Japanese manga artist

Ichigo Takano (高野苺, Takano Ichigo) is a Japanese manga artist from Nagano in Japan and is best known for Orange.

== Biography ==
Takano made her debut in high school in 2002 with START. She first achieved success with her work Dreamin' Sun. Takano is also the creator and author of New York Times bestseller Orange. After beginning serialization in Shueisha's Bessatsu Margaret in 2012, Orange was abruptly suspended from the January 2013 issue.
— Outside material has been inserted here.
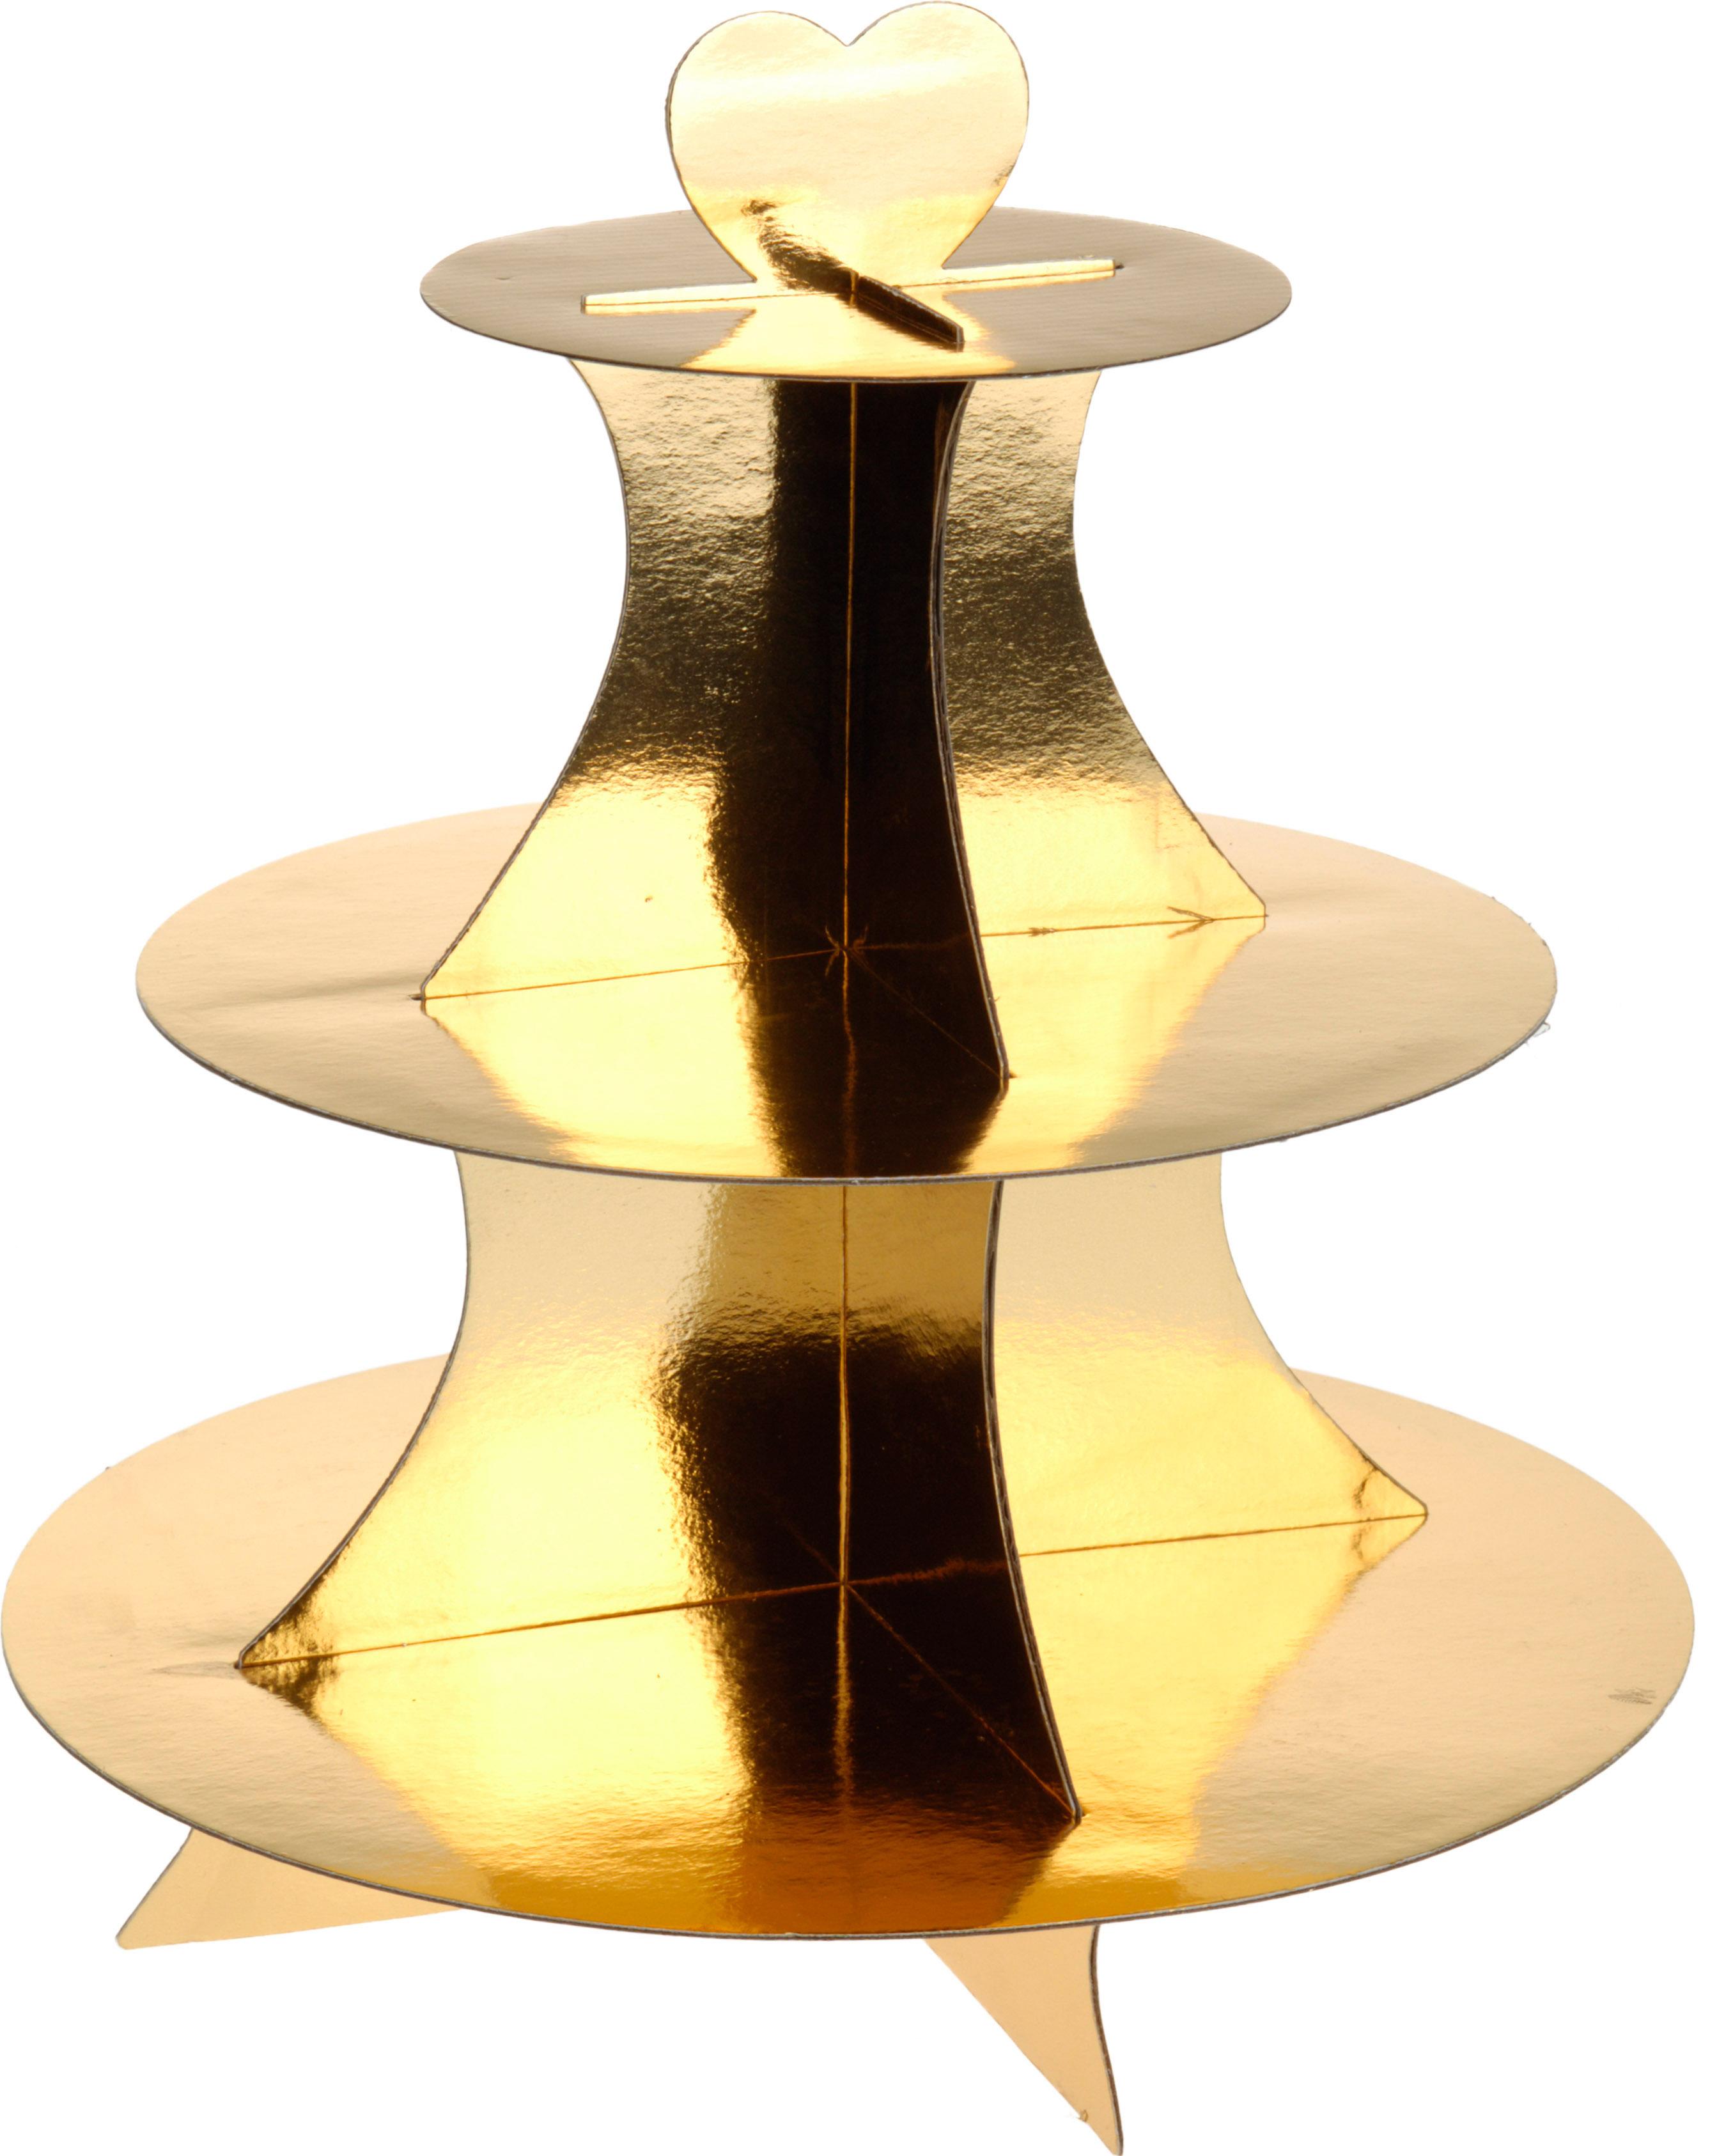 3 st ckige etagere gold geb ckst nder cupcake st nder muffin. Black Bedroom Furniture Sets. Home Design Ideas
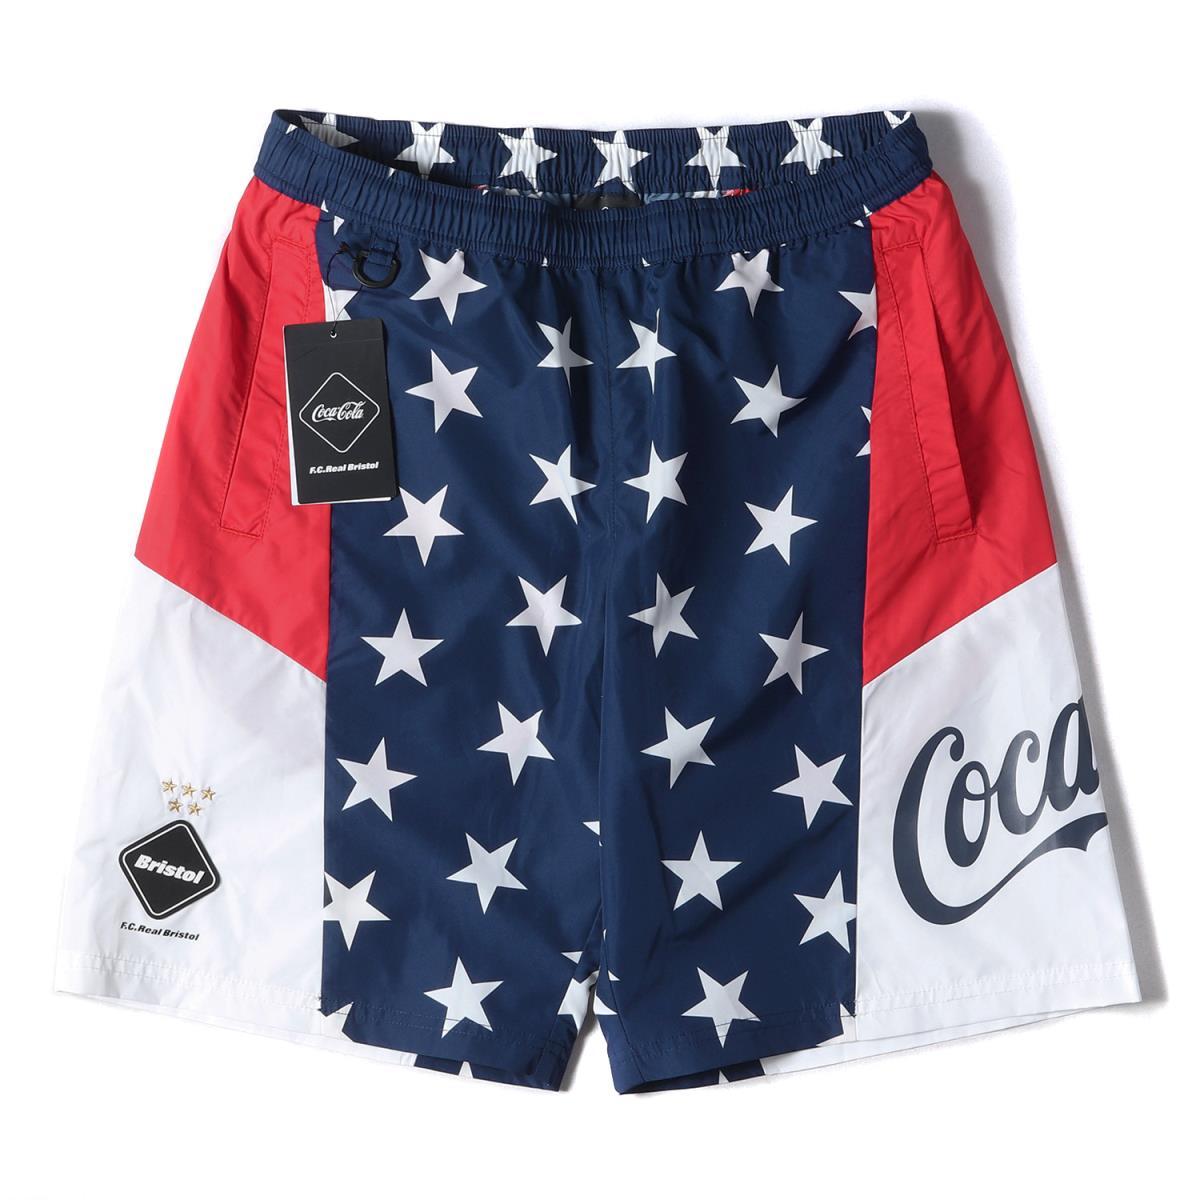 メンズファッション, ズボン・パンツ FCRB Coca-Cola MULTI PATTERN SHORTS 20SS S K3076

It was later picked up by Futabasha's Monthly Action in February 2014 where it continued to be serialized until 2015.

== Works ==
- START (2002) – (serialized in Shueisha's Bessatsu Margaret)
- Ookami Shounen (オオカミ少年) (2004) – (serialized in Shuiesha's Margaret)
- Itoshi Kingyo (愛し金魚) (2006) – (serialized in Bessatsu Margaret)
- Shooting Star (シューティング スター) (2006)
- Bambi no Tegami (バンビの手紙) (2007) – (serialized in Bessatsu Margaret)
- Dreamin' Sun (夢みる太陽) (2007-2011) – (serialized in Bessatsu Margaret)
- Orange (2012-2017) – (serialized in Bessatsu Margaret and Futabasha's Monthly Action)
- Orange (2015-2016) – (light novel)
- ReCollection (2013-) – (serialized in Monthly Action)
- Kimi ni Nare (君になれ) (2018-) – (serialized in Monthly Action)

== Filmography ==
In 2015, the film Orange was released based on the manga in Japan. A 13-episode anime adaptation of Orange was produced by Telecom Animation Film in 2016 and was simulcast by Crunchyroll.